• Erhöhung des Fonds de Roulement ist überflüssig

Erhöhung des Fonds de Roulement ist überflüssig

30.08.2017    

Der HEV Schweiz lehnt die vom Bundesrat vorgeschlagene Aufstockung des Fonds de Roulement für den gemeinnützigen Wohnungsbau ab. Die Leerwohnungsziffer für Mietwohnungen wird auf 2.15% geschätzt und es zeichnet sich ein Überangebot ab.

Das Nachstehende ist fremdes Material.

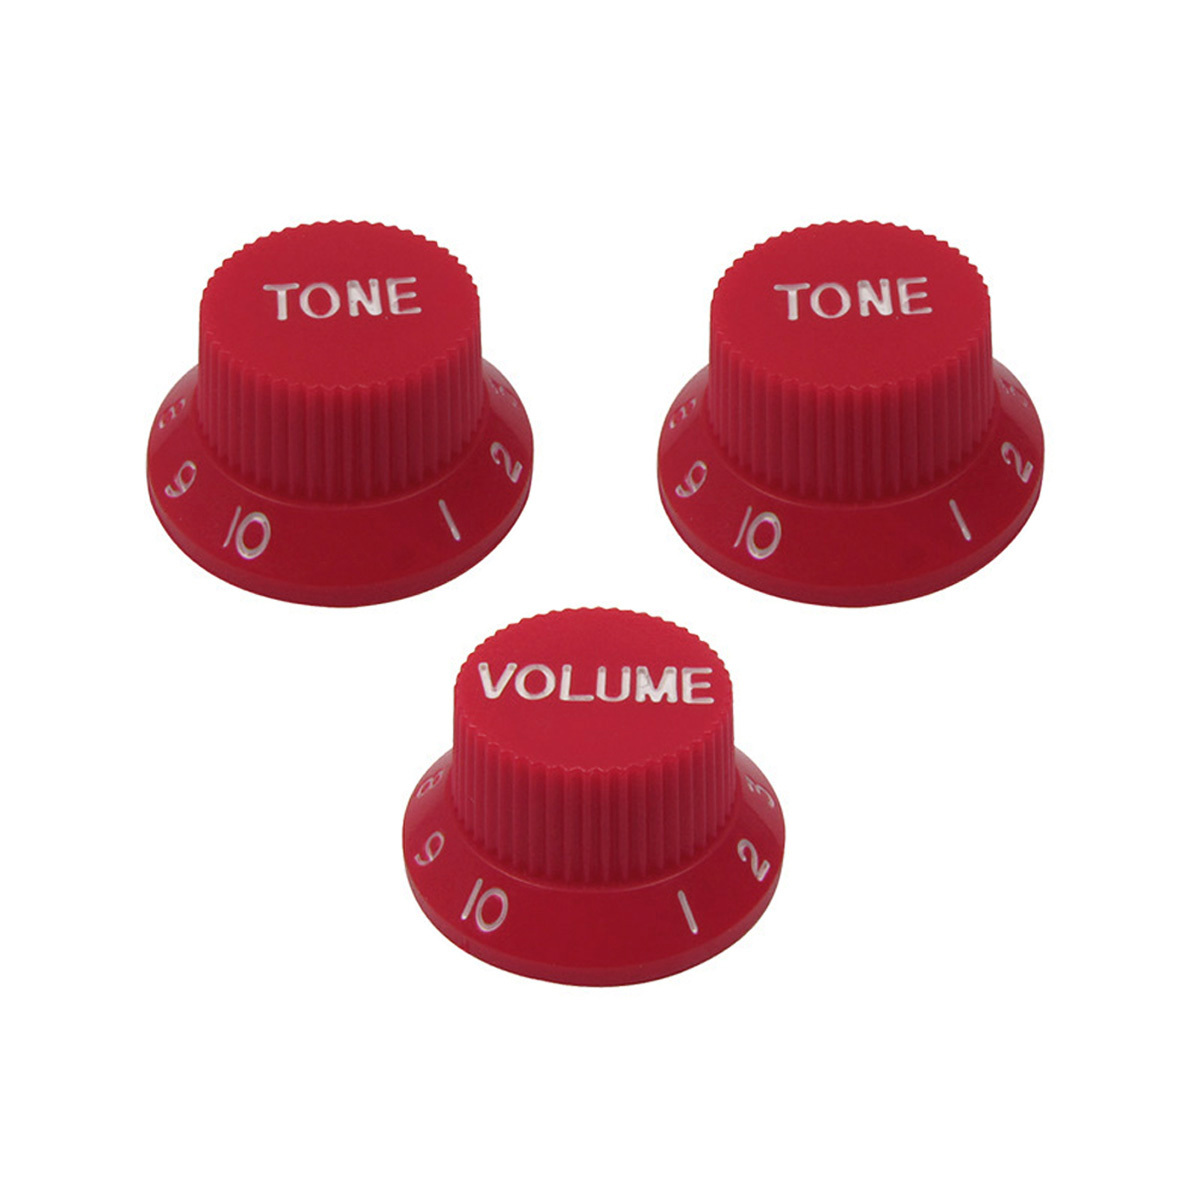 4 Pcs Red Speed Control Knobs for Electric Guitar Parts Replacement

Der Bundesrat schlägt die Aufstockung des Fonds de Roulement um 250 Millionen Franken sozusagen als Gegenvorschlag zur Initiative für „mehr bezahlbare Wohnungen“ vor. Der HEV Schweiz begrüsst, dass der Bundesrat diese Initiative ablehnt. Die Aufstockung des Fonds de Roulement ist angesichts der aktuellen Marktsituation jedoch unverständlich.

Zur Erinnerung: Von 1975 -1995 wurden 130‘000 Wohnungen staatlich gefördert. Dies führte in den 90er Jahren zu einem Überangebot und viele der staatlichen Wohnungen konnten nicht mehr vermietet werden. Dadurch erlitt der Staat „Mehrere 100 Millionen Franken“ an Verlust.

Wie die Credit Suisse heute bekannt gab, wird die Leerwohnungsziffer bei den Mietwohnungen auf 2.15% geschätzt. Mit Ausnahme der grossen Städte hat sich die Situation auf dem Wohnungsmarkt also merklich entspannt. Das Risiko eines Überangebots ist somit bereits vorhanden.

Wie auch der Bundesrat im Bericht zur geplanten Aufstockung feststellt, ist die Versorgung der Schweizer Bevölkerung mit Wohnraum gut. Es stehen genügend und qualitativ gute Wohnungen zu angemessenen Preisen zur Verfügung. Gemäss dem Bundesamt für Statistik betragen die Kosten für Wohnen und Energie 15 Prozent der Haushaltsausgaben (Haushaltsbudgeterhebung HABE 2014). Eine Wohnung kostet in der Schweiz durchschnittlich 1306 Franken.

Das Erstellen von Wohnraum ist nach Ansicht des HEV Schweiz Aufgabe der Privaten. Der HEV Schweiz lehnt staatliche Fördermittel hierzu namentlich auf Bundesebene ab. Es gehört nicht zu den Aufgaben des Bundes, Wohnraum zu verbilligen. Der Schweizer Immobilienmarkt ist sehr heterogen und die örtlichen Gegebenheiten und Anforderungen sehr unterschiedlich. Kantone und insbesondere Städte sind im Bereich der Wohnraumförderung, wo sie diese für sinnvoll erachten, denn auch sehr aktiv.

Statt noch mehr Steuergelder in den Wohnungsbau zu investieren, sind die baurechtlichen und weiteren Rahmenbedingungen für kostengünstigere privatwirtschaftliche Wohnbauten zu schaffen und Marktverzerrungen abzubauen.